Cultura y tradiciones
Por José Jiménez Lozano
Parece que fueron Francisco de Asís y sus compañeros los primeros en montar con figurillas de barro un belén o nacimiento, una escena bíblica que, por lo demás, ya se representaba en el medioevo en las iglesias, pero que, ahora, al convertirse en una composición plástica libre según la espontaneidad popular, a los poderes del tiempo políticos y eclesiásticos no les gustó nada. Y allí vieron, sobre todo una cosa peligrosa: que el estado con el Niño estuviera en el lugar central, que la residencia de los señores, el castillo de Herodes, estuviera allá lejos, en segundo plano, y como sin importancia; y que los pastores y las gentes corrientes fueran a ese establo con presentes, pero no al castillo, y, por fin, que los Reyes Astrólogos de Oriente hicieran lo mismo. El asunto, si la gente daba en pensarlo, era realmente peligroso; y se prohibió montar belenes. Buena gana se tenía de que se armase un belén en cualquier momento.

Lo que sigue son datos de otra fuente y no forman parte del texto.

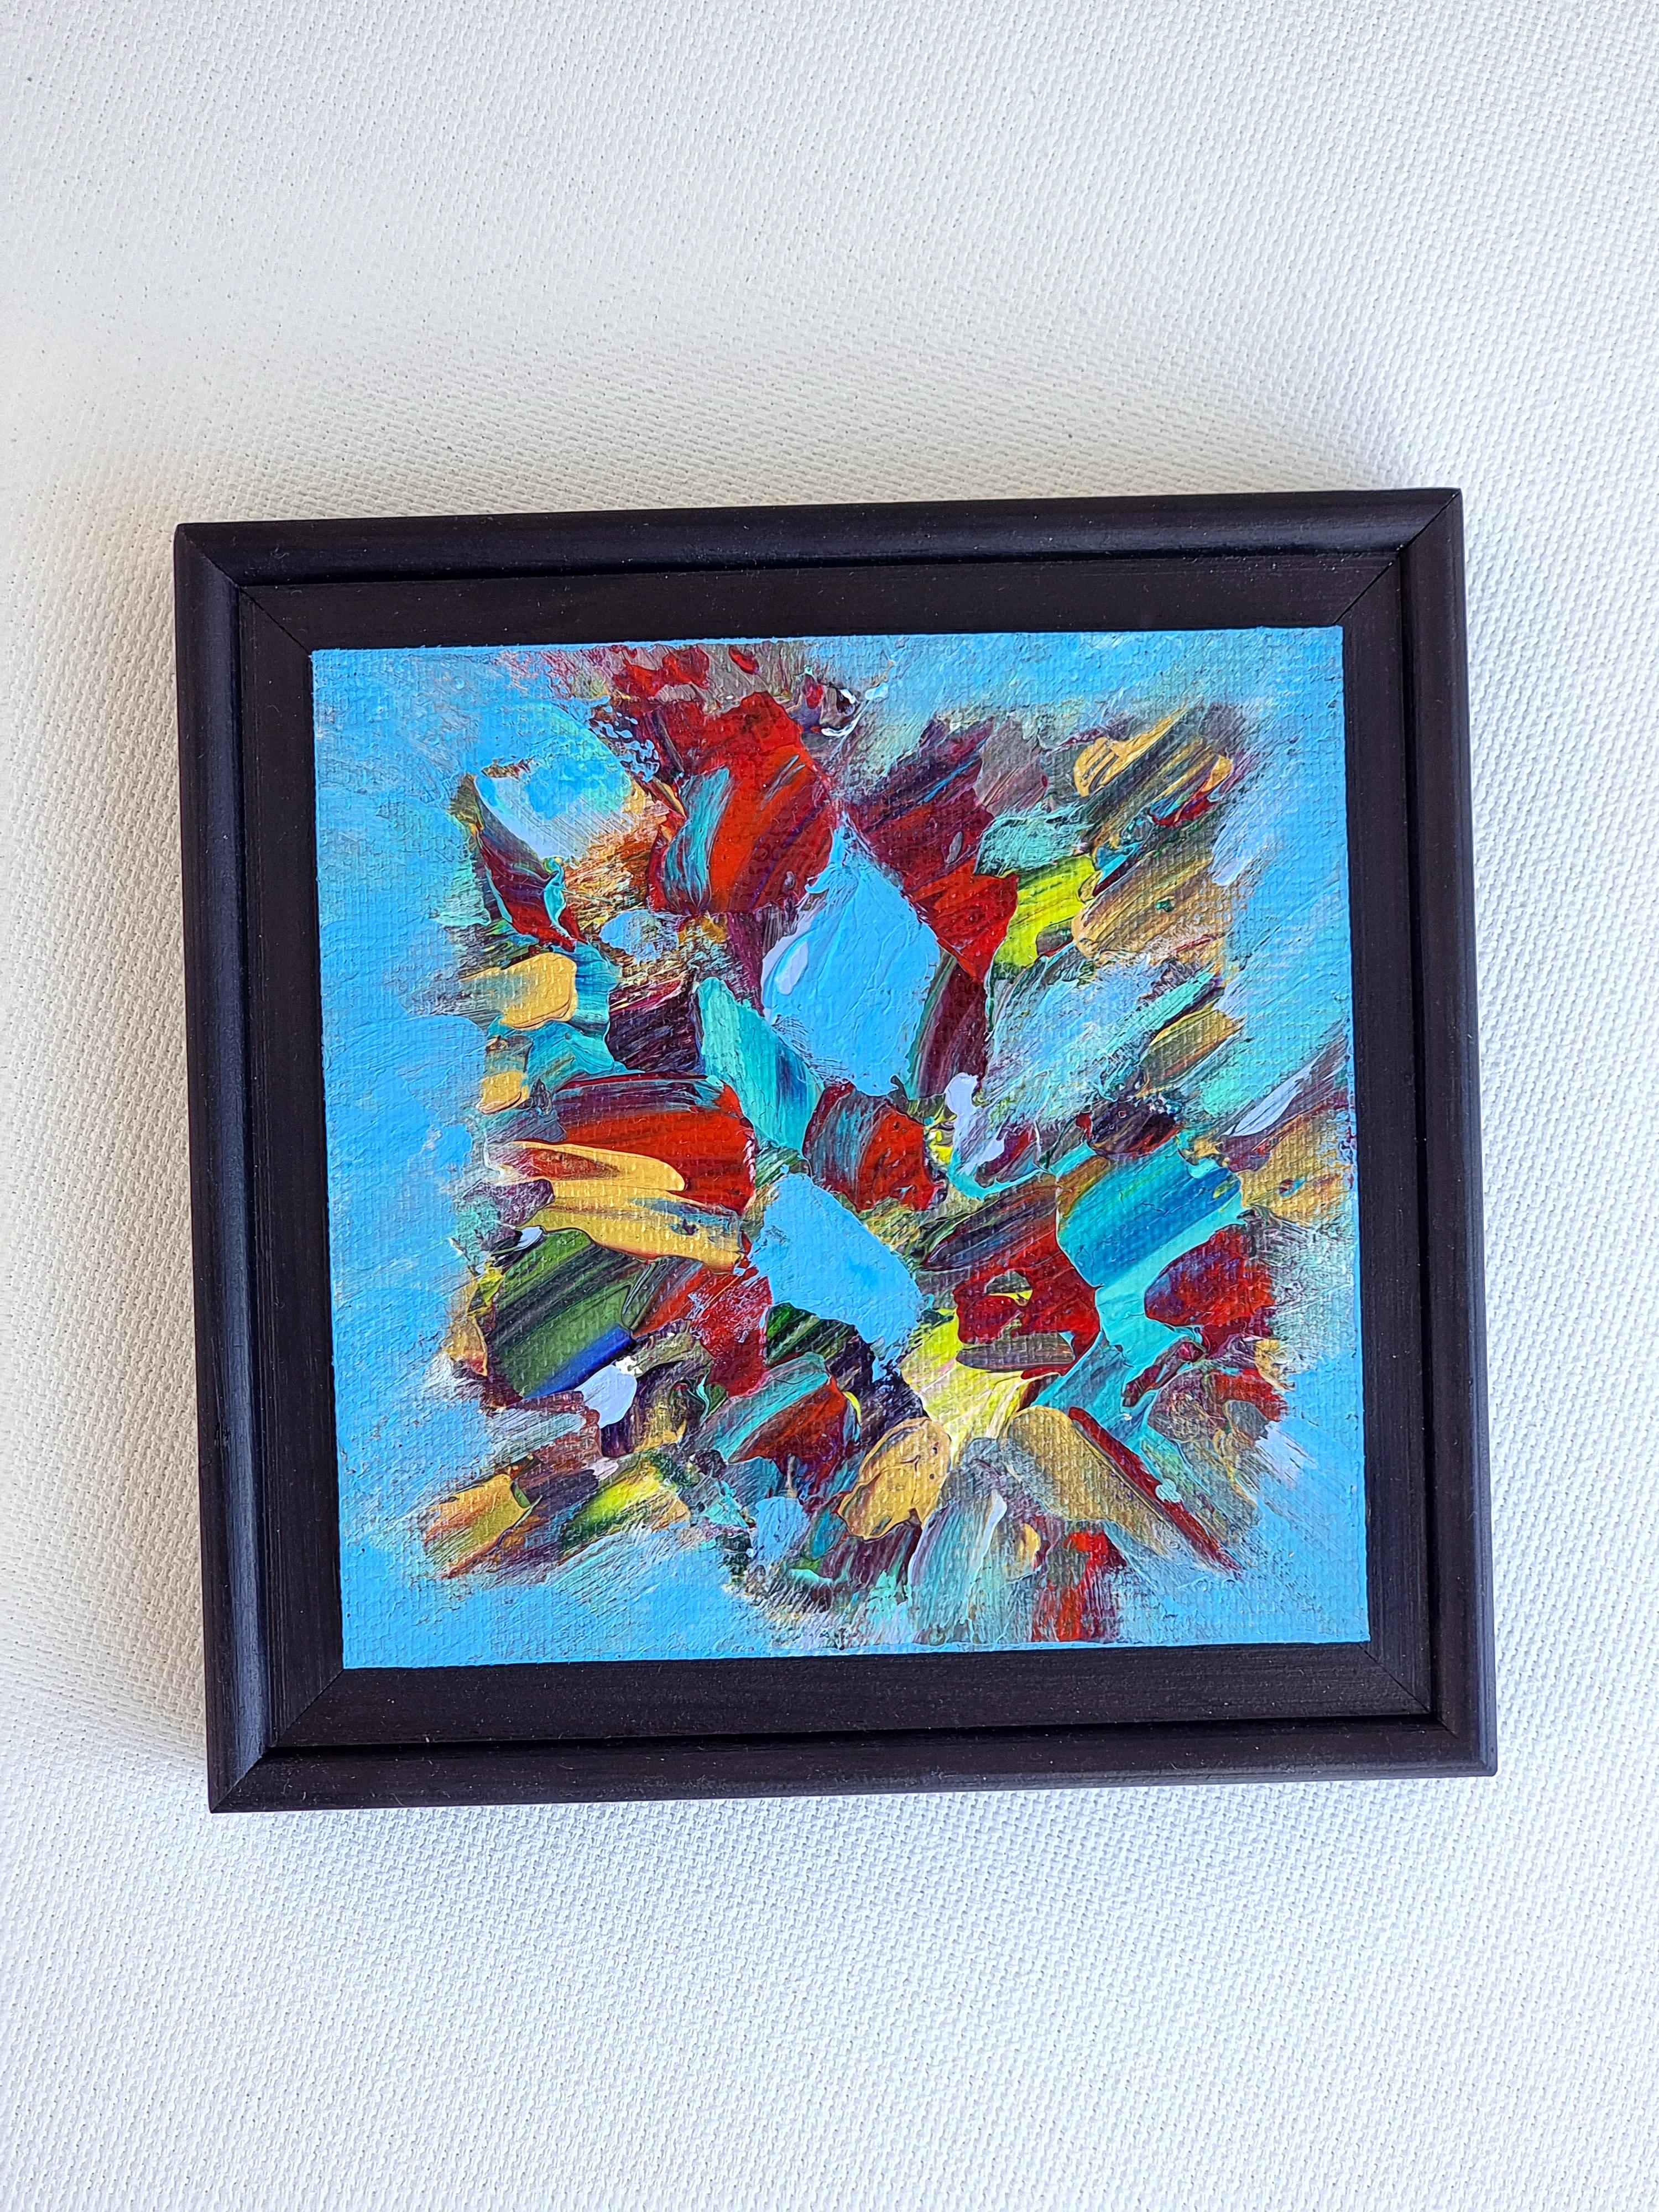 My new series for gift- mini abstractions with wooden frame. Bright, colorful minis with strong energy will be a great gift idea for yourself or some special people. You can just put them on a table or hand on the wall.
It will suit any contemporary

Luego, se le dio al belén una interpretación más bien dulcificada, quedó siendo, más que otra cosa, una estampa encantadora y como capricho de niños. Pero, por si acaso, las cosas van ahora por el camino de Papá Noel, que desde luego no ofrece en sí mismo muchas polisemias ni posibilidades de interpretaciones peligrosas. Aunque de todas maneras las gentes, cuando se trata de referirse a un alboroto de protesta. siguen diciendo: «Se armó un belén» o «Aquí va armarse un belén». Y lo mismo cuando se trata de enfrentarse a una dificultad: «¡Menudo belén es ése!».
Algún rumor sigue quedando de aquel belén de las primeras figuritas y representaciones...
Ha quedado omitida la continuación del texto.